Thursday, June 30, 2011
Benton Springs, CA to Bishop, CA The Official End of Current US Route 6
Benton Springs, CA to Bishop, CA
The Official End of Current US Route 6
I’ve got good news and bad news regarding my photos. The good news is, I took them. The bad news is that I’ve maxed out my allowed “storage space” on Blogger, which means that I can’t upload any more on my Route 6 blog for all time (or until Blogger increases its storage space. More good news, however, is that I can still make and upload my videos – so I will somehow create a very fast slide show out of my still pictures, post the slide shows to YouTube and post them on my blog. At least you’ll be able to see them. Now, as I prepare to fly home to New York, I present the last three blog posts:
It’s just 36 miles from Benton to the end of current US Route 6, and for the first time since I began my road-trip in Provincetown, MA, I drove due South with the rising sun to my left.
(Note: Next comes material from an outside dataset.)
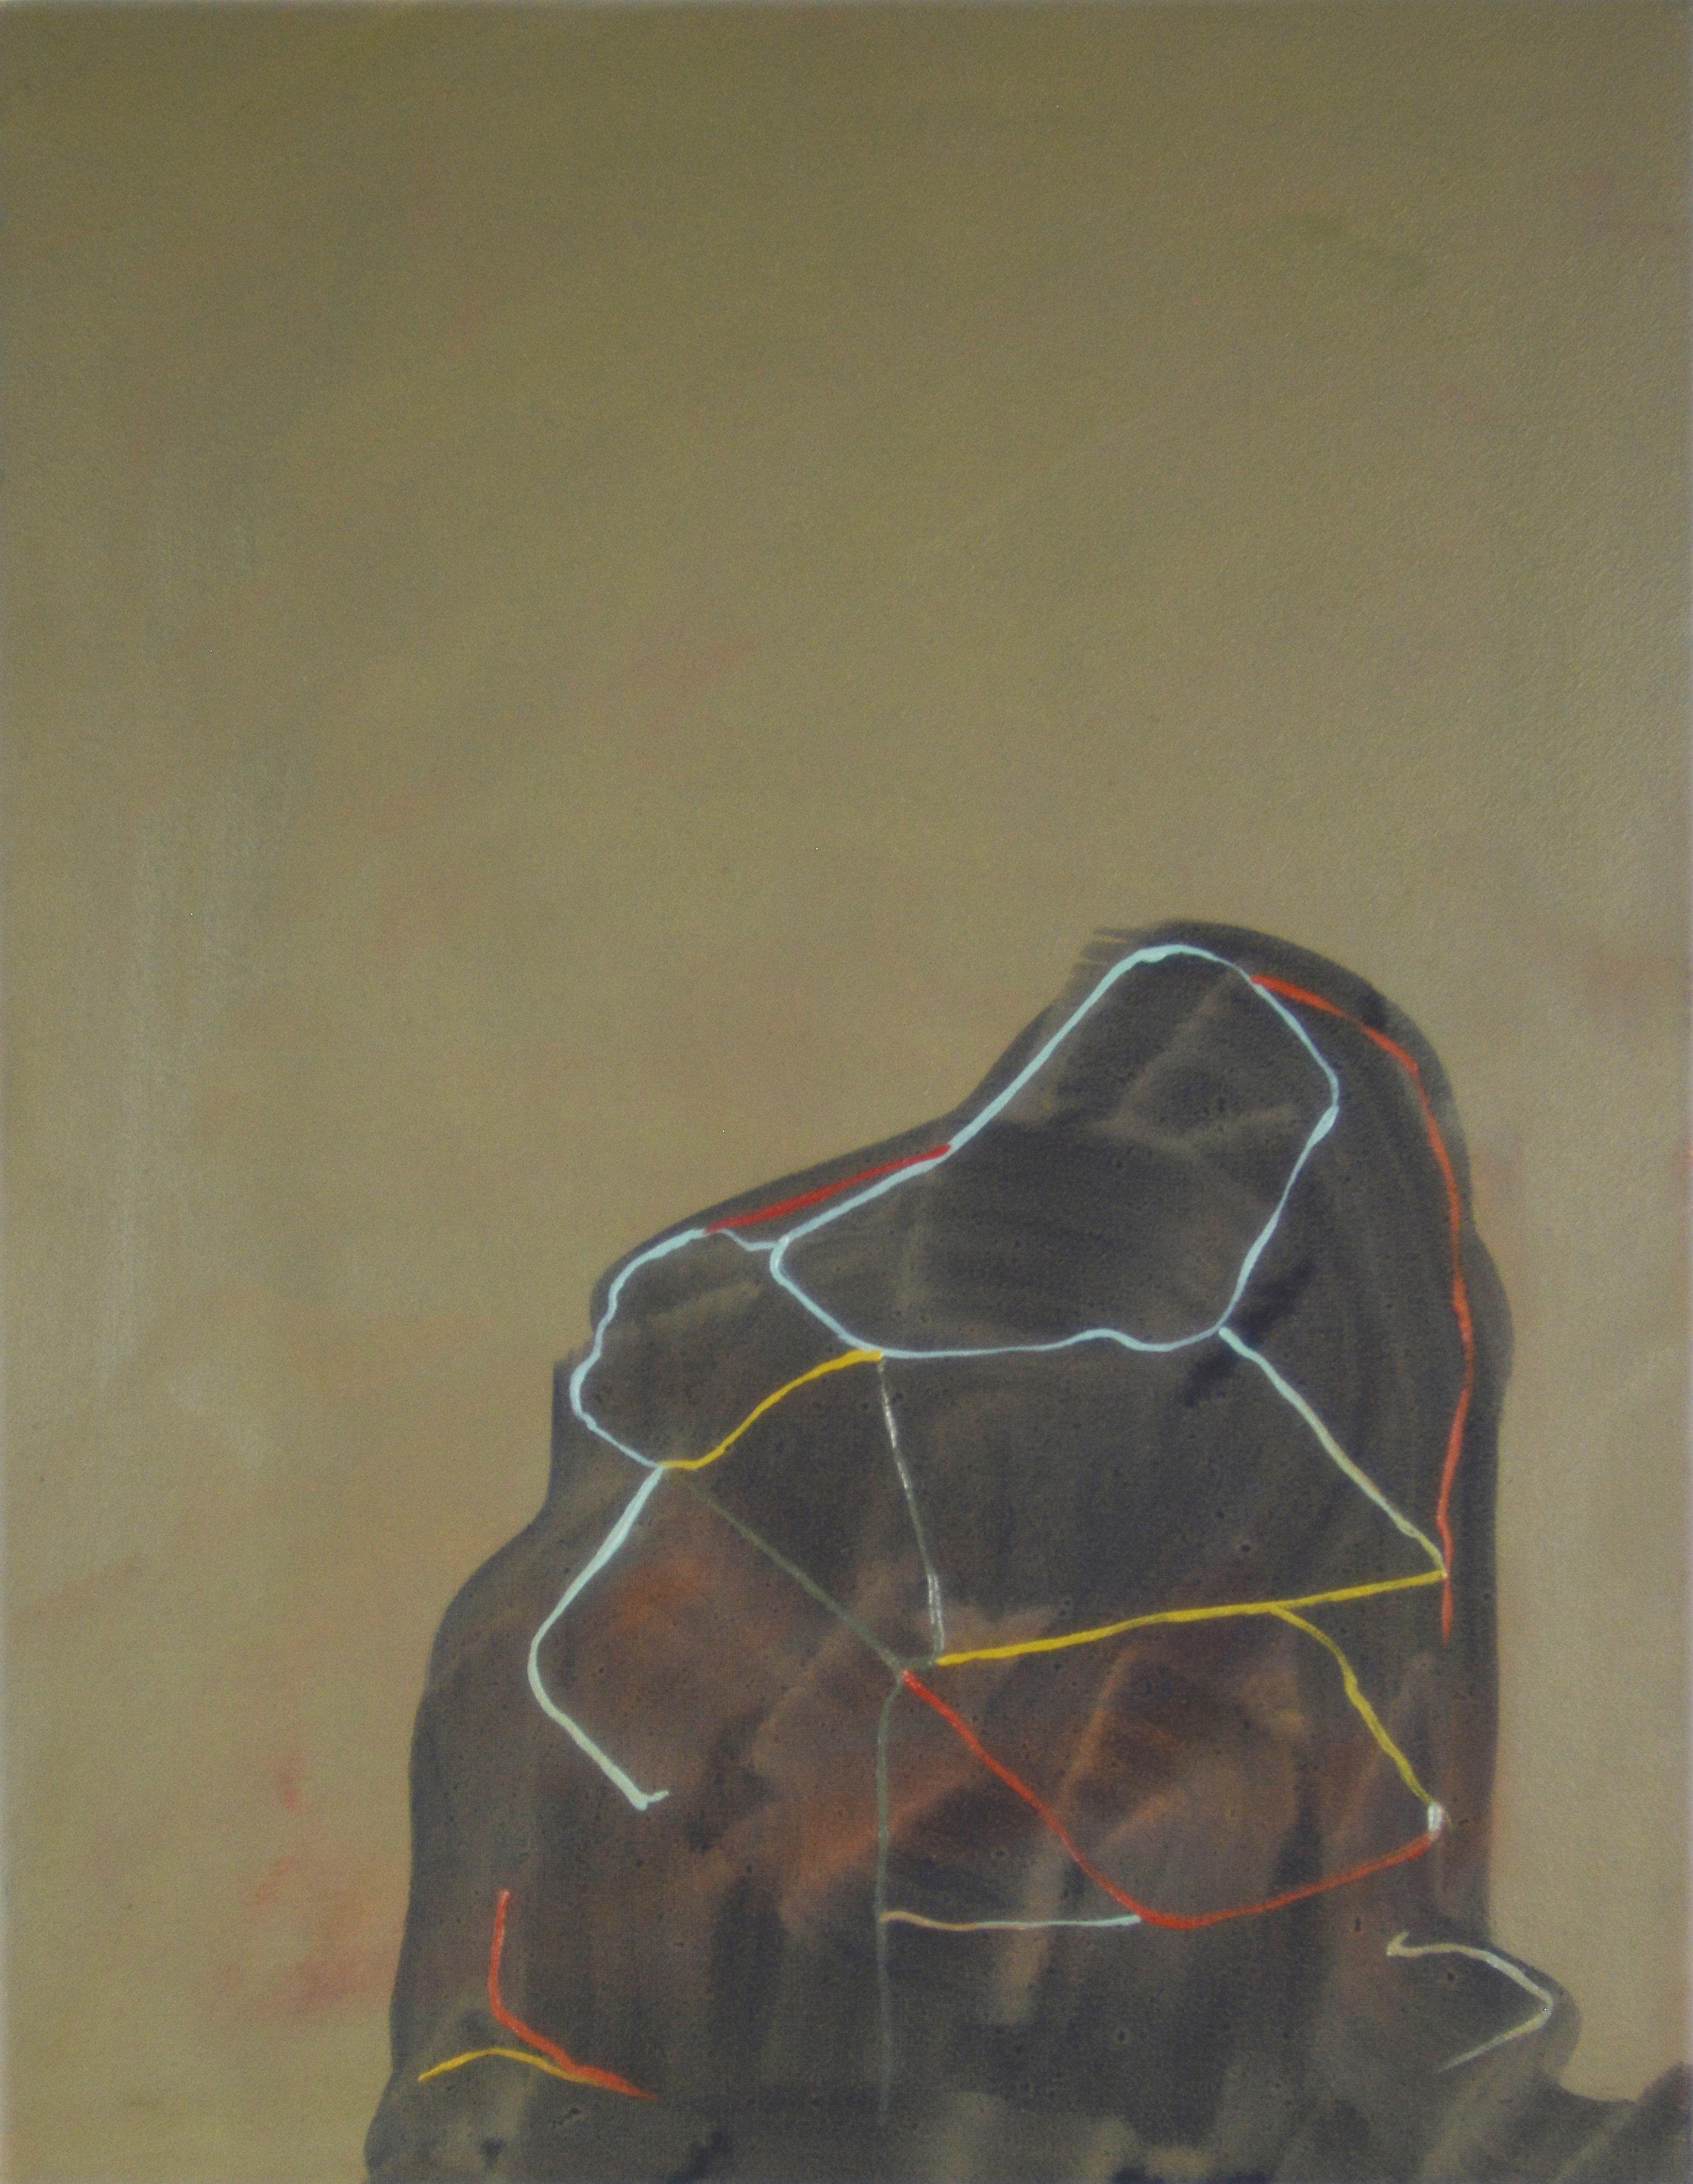 String, 2013, Oil on canvas, 40 x 30 cm

I was in the valley between two mountain ranges – one craggy and snow-topped, the other wrinkled and grooved as a litter of Shar Pei pooches. I entered a stretch with plenty of ranches and well-irrigated farms and with them the feeling that I was coming into “civilization” again. That feeling was reinforced when I saw the mileage sign; 280 miles to Los Angeles.
In Bishop – a lovely tree-shaded and mural-rich town popular with mountaineers, rock climbers and anyone who wishes to head into the Eastern Sierras with a guide and pack mules – two welcoming, friendly and terrific women met me under the “Route 6; 3,205 Miles to Provincetown, MA” sign. Fellow Connecticut native, Patty Holton, President and the Bishop Mural Society and Ceramic Professor at Cerro Coso Community College, and Susan Olson, VP of the Bishop Mural Society, escorted me around to see some of the exceptionally skillful art-painted-on-the-side-of-buildings. The newest soon-to-be-debuted mural is actually made up of ceramic tiles created by students and parents and represents the landscape, animals and flora and fauna from the 4,000 ft. elevation at the valley floor to the 14,000 ft. summit of Mt. Whitney. It is a striking creation, and one I caught just being completed and grouted. My photos barely do it justice. All I can say is that it should be a tourist attraction.
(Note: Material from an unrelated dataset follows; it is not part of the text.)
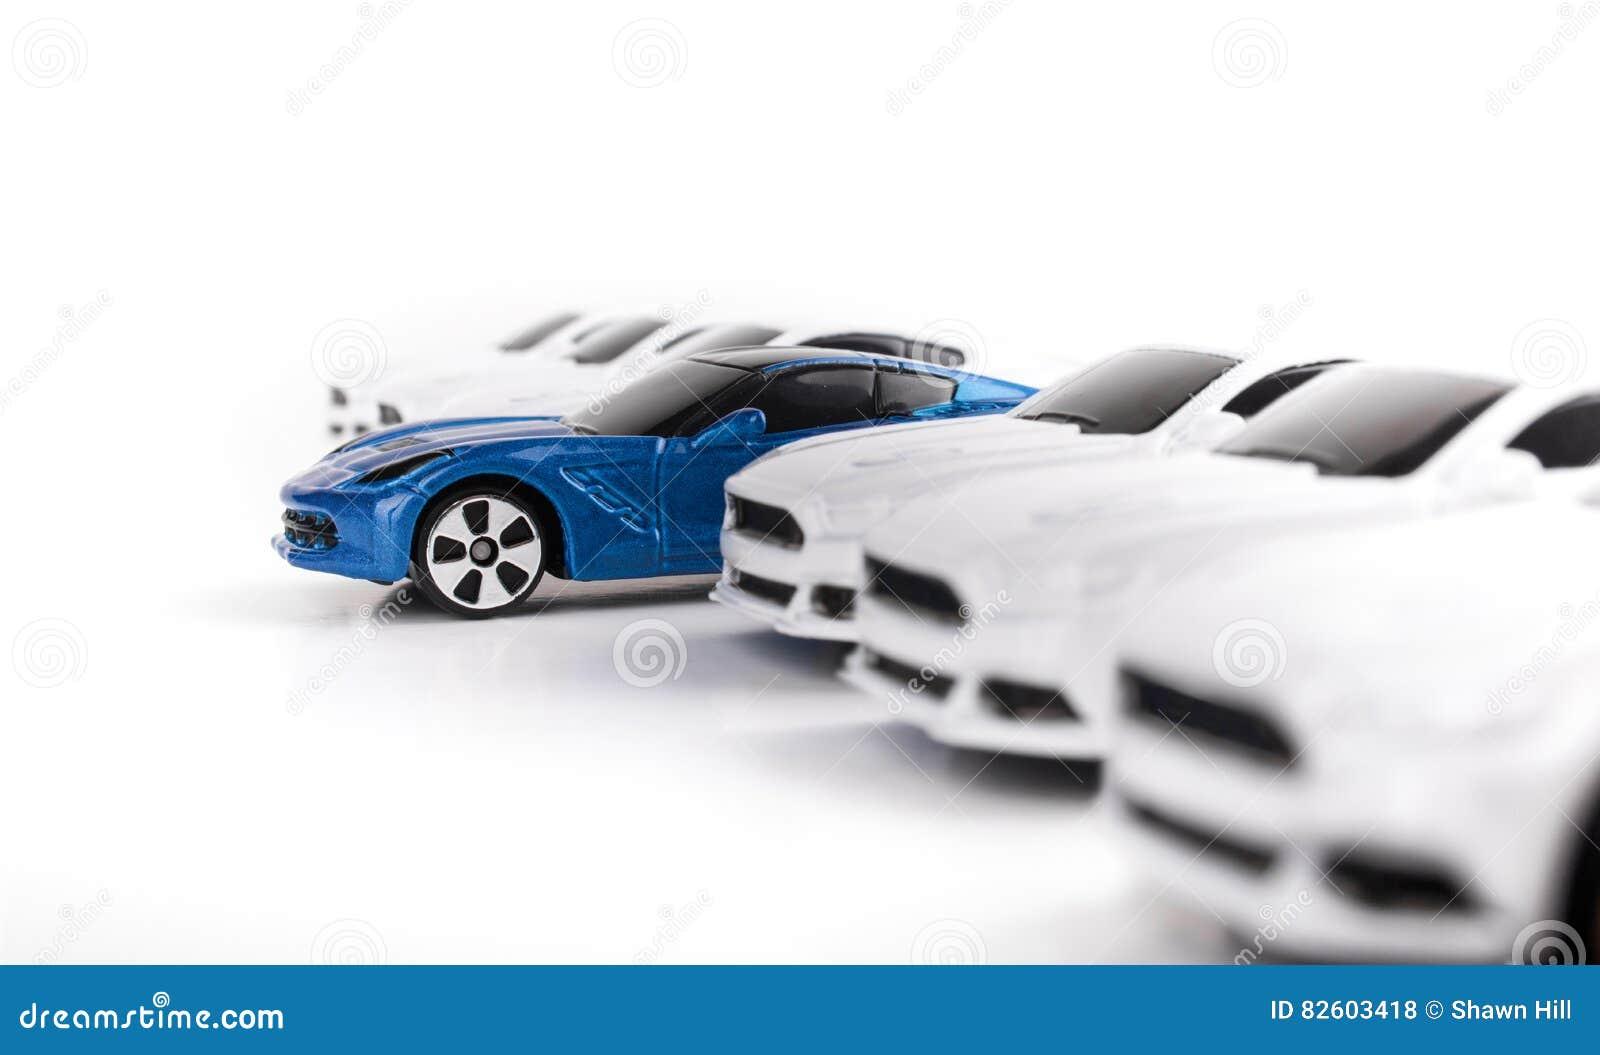 L'autre Cars Photo Out Among Standing Toy Car Plusieurs Stock oCxBrdeW

Mules figure prominently in Bishop; they now provide the brawn for overnight camping trips, but years ago, they were used in mining talc, silver and tungsten (used in light bulbs). One mural is a mining map of Bishop. Another shows a 1904 22 mule team pulling a massive water wheel as electric generator for Power Plant #3. Interesting to learn that modern technology of the day made use of such primitive means of transport. No surprise that Bishop celebrates its hard-working donkeys with a Mule Days Festival every Memorial Day weekend.
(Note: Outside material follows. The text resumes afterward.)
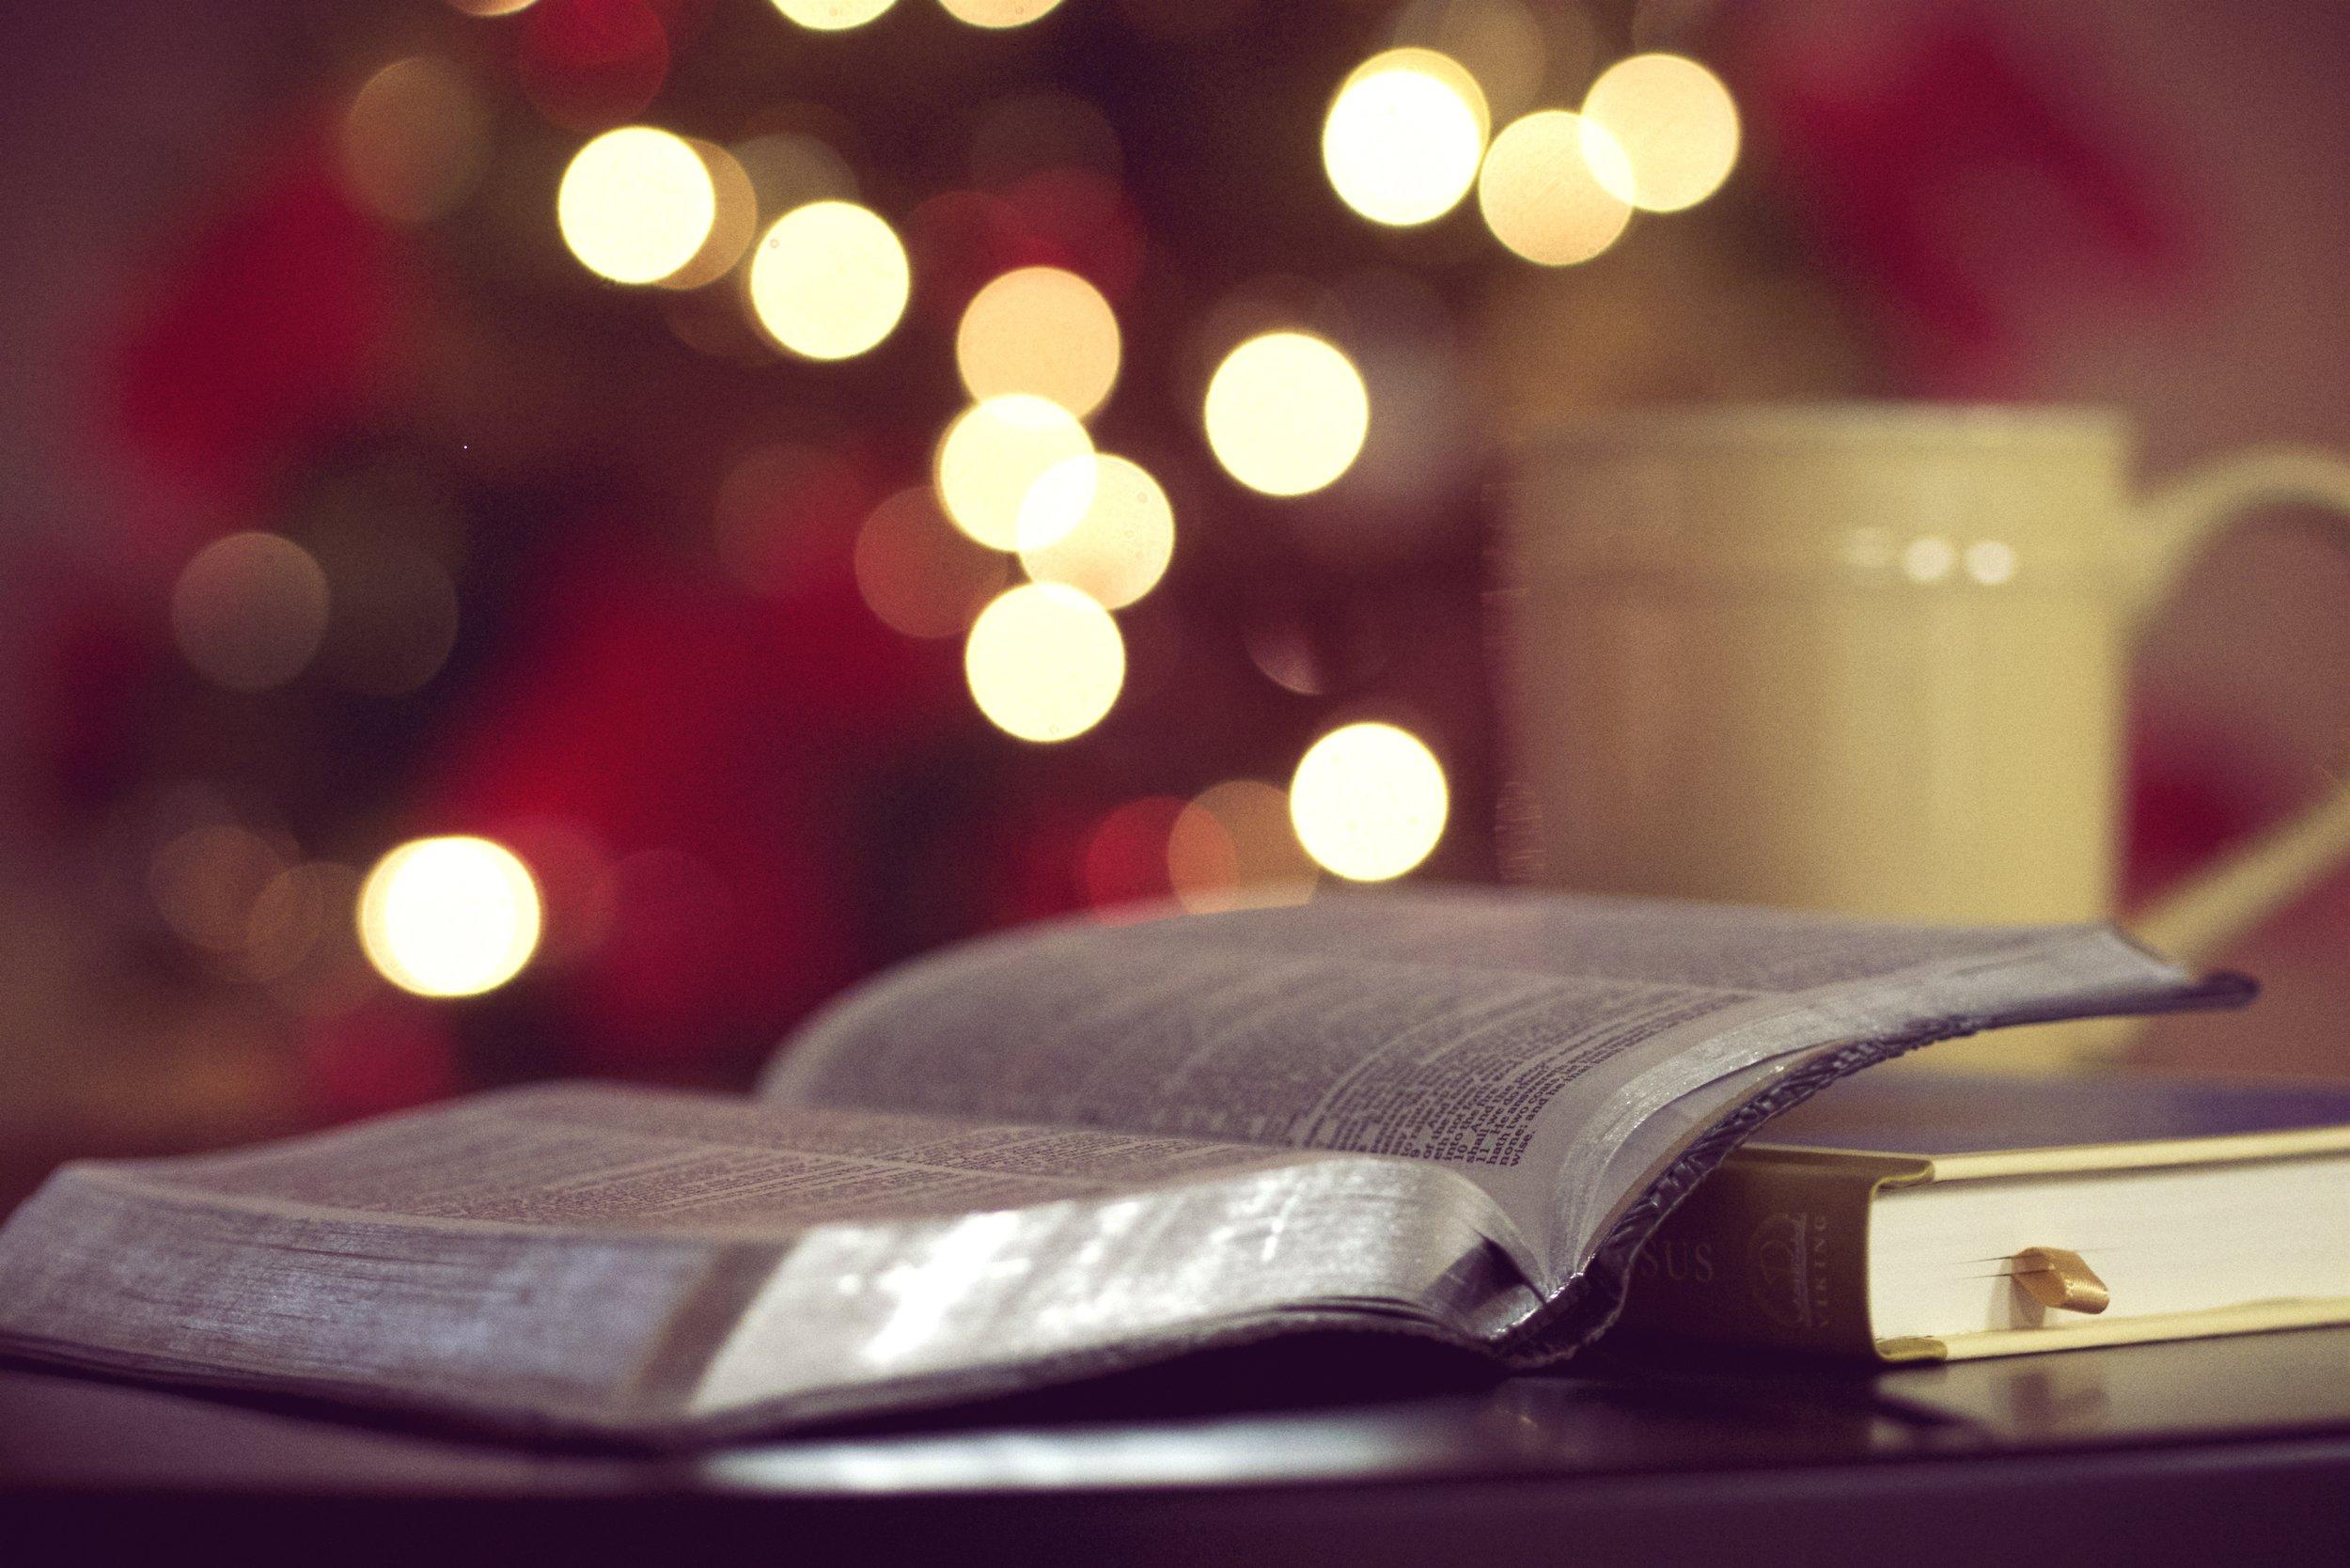 making-room-for-Christmas-life-coach-blog.jpg

Melting snow from the mountains around here supplies most of the water for Los Angeles; a contentious subject in these days of water-wars. Locals must get their water from wells, and a complex aqueduct carries the precious liquid nearly 250 miles South from the hills.
Though I didn’t eat or stay in Bishop, Patty and Susan passed along suggestions for dining and lodging. Jacks for breakfast, Whiskey Creek for lunch or dinner and the Creekside Hotel, they say, is “the nicest, swankiest place in town.”